SEI to acquire majority stake in Stratos Wealth for $527 million

Published 18/07/2025, 13:06
SEI to acquire majority stake in Stratos Wealth for $527 million

OAKS, Pa. - Financial technology provider SEI (NASDAQ:SEIC), an $11.6 billion market cap company currently trading near its 52-week high of $93.82, announced Friday it will acquire a 57.5% stake in Stratos Wealth Holdings for approximately $527 million in cash, forming a strategic partnership aimed at supporting financial advisors. According to InvestingPro data, SEI maintains a "GREAT" financial health score, positioning it well for this strategic acquisition.

The transaction will be completed in two phases, with the U.S.-based Stratos business expected to close in the second half of 2025, followed by the Mexico-based NSC business in the first half of 2026, subject to regulatory approvals. SEI approaches this expansion from a position of strength, with InvestingPro analysis showing impressive revenue growth of 10.3% and a 38-year track record of consistent dividend payments.

Under the agreement, Stratos will continue operating under its own brand as an affiliated business of SEI. Jeff Concepcion will remain as CEO, and the company will maintain its existing business model and custodial relationships while gaining access to SEI’s technology, custody, operations, and asset management capabilities.

The deal includes put/call rights that could eventually result in SEI owning 100% of the entity, while current investor Emigrant Partners will exit its position at closing.

"We’re making a strategic investment that reinforces our unwavering belief in financial advisors and their delivery of advice," said Ryan Hicke, CEO of SEI, in the press release statement.

Stratos, headquartered in Beachwood, Ohio, comprises a network of more than 360 financial advisors across 26 states, with its advisors servicing over $37 billion in client assets. SEI currently manages, advises, or administers approximately $1.6 trillion in assets as of March 31, 2025. The company’s robust financial position is reflected in its strong profitability metrics, with a gross profit margin of 79% and return on equity of 27%. For deeper insights into SEI’s financial health and growth prospects, investors can access the comprehensive Pro Research Report available on InvestingPro, which covers over 1,400 top US stocks with expert analysis and actionable intelligence.

The partnership aims to help advisors scale their businesses while addressing industry challenges such as succession planning and business transitions.

Goldman Sachs served as financial advisor to Stratos, while Wells Fargo advised SEI on the transaction.

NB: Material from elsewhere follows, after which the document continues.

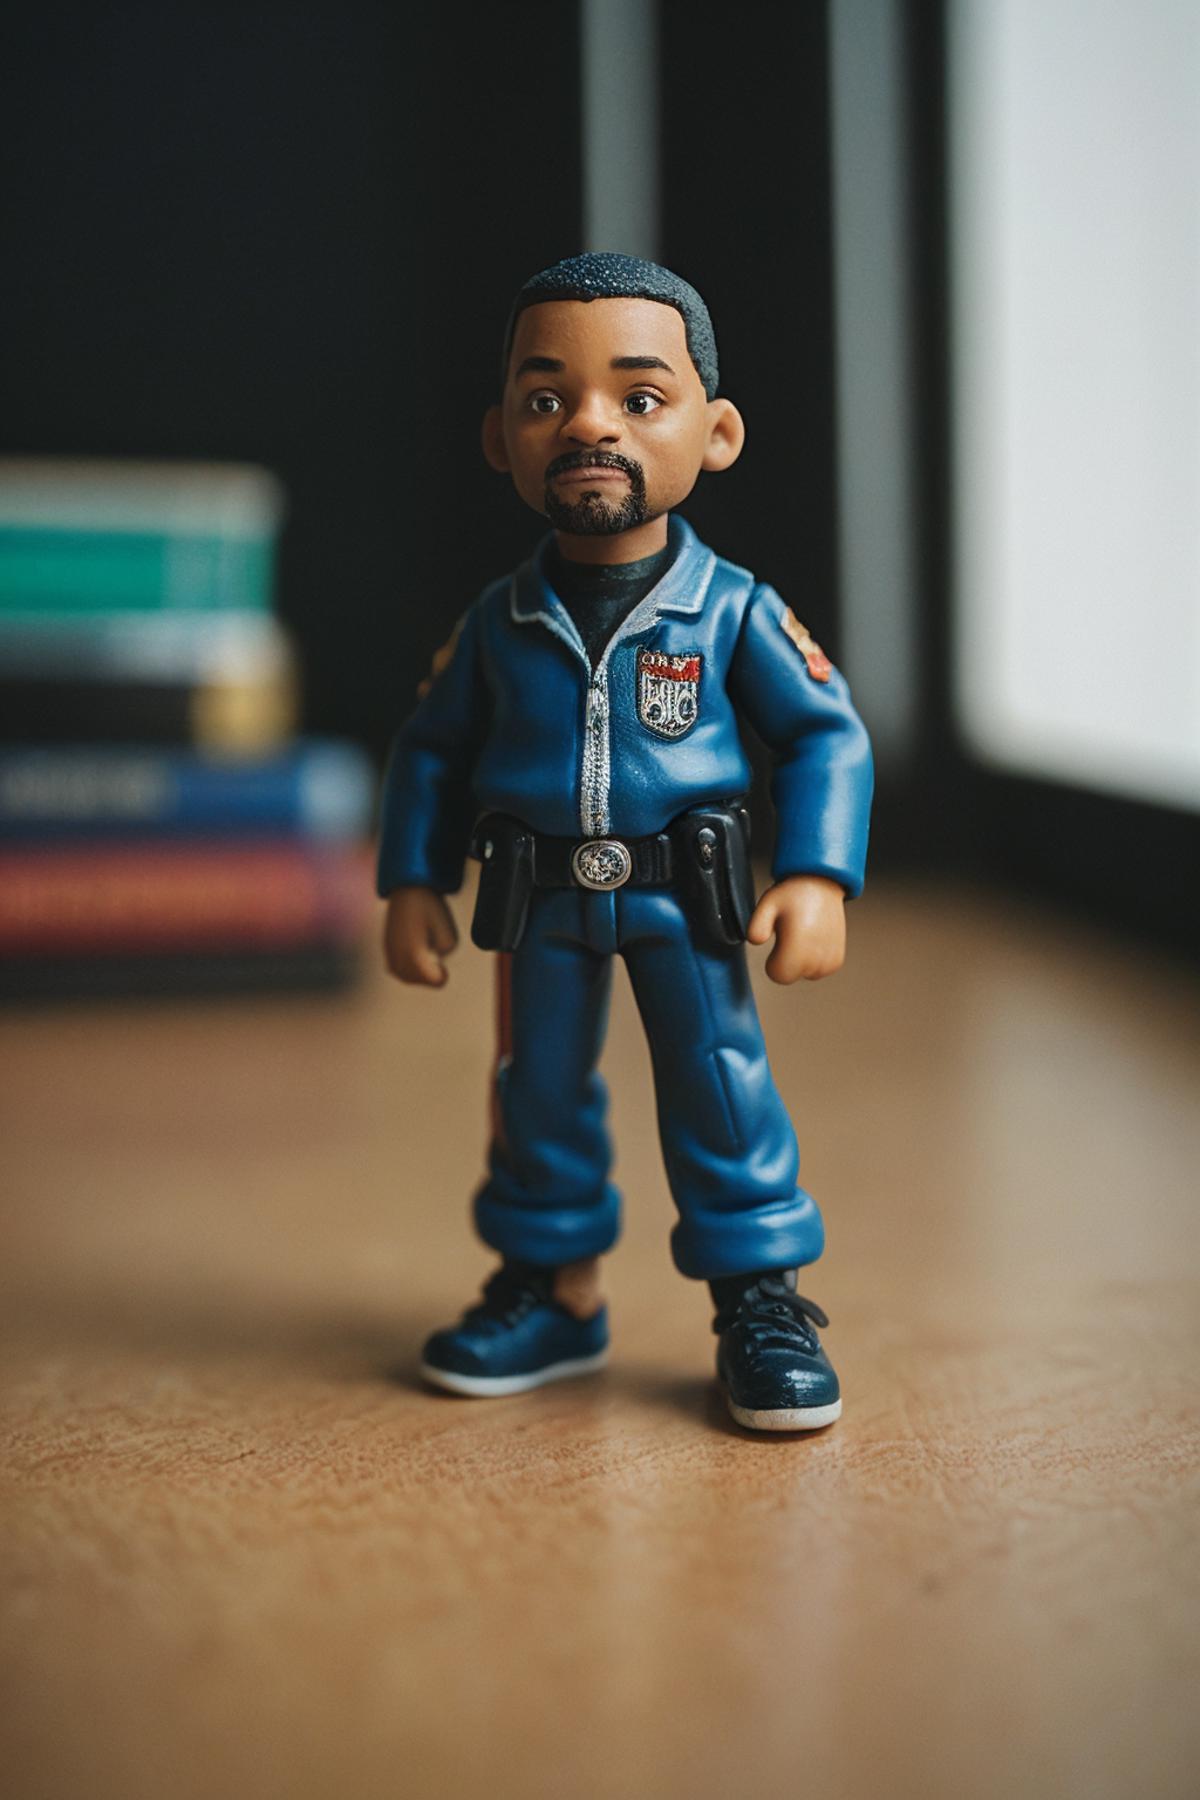 A Blue Action Figure on a Table
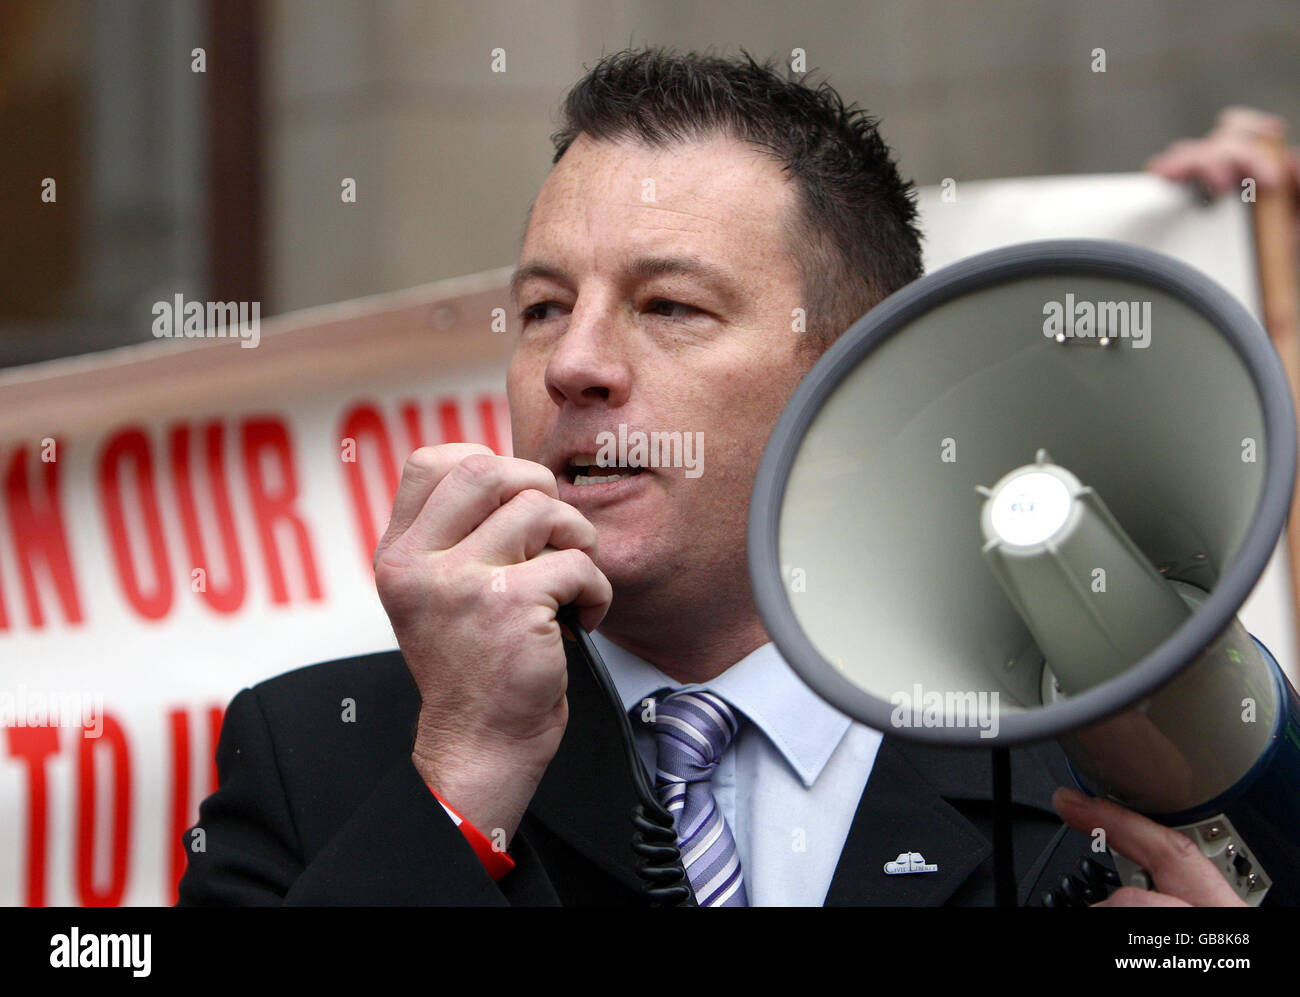 Teacher and British National Party member Adam Walker, from Houghton Kepier Sports College near Sunderland, stands outside a General Teaching Council hearing in Birmingham, where he is accused of religious intolerance while contributing to a right-wing website. Stock Photo

In other recent news, SEI Investments Company reported its Q1 2025 earnings, exceeding analyst expectations with an earnings per share (EPS) of $1.17, compared to the projected $1.15. However, the company’s revenue was slightly below forecasts, at $551.34 million versus the expected $556.76 million. Despite the revenue miss, SEI demonstrated strong financial performance with an operating profit margin of 28.5%, the highest in three years. The company also declared a regular semi-annual dividend of $0.49 per share, reflecting its commitment to returning value to shareholders. In terms of analyst perspectives, Raymond James raised its price target for SEI Investments to $115, citing sustained improvement in sales and expanded operating margins. Conversely, Piper Sandler adjusted its price target to $79 while maintaining a Neutral rating, noting potential margin pressures in future quarters. SEI also announced leadership promotions to strengthen its traditional investment arm, aiming to enhance client service and business development strategies. These developments highlight SEI’s strategic focus on growth and operational efficiency amid market uncertainties.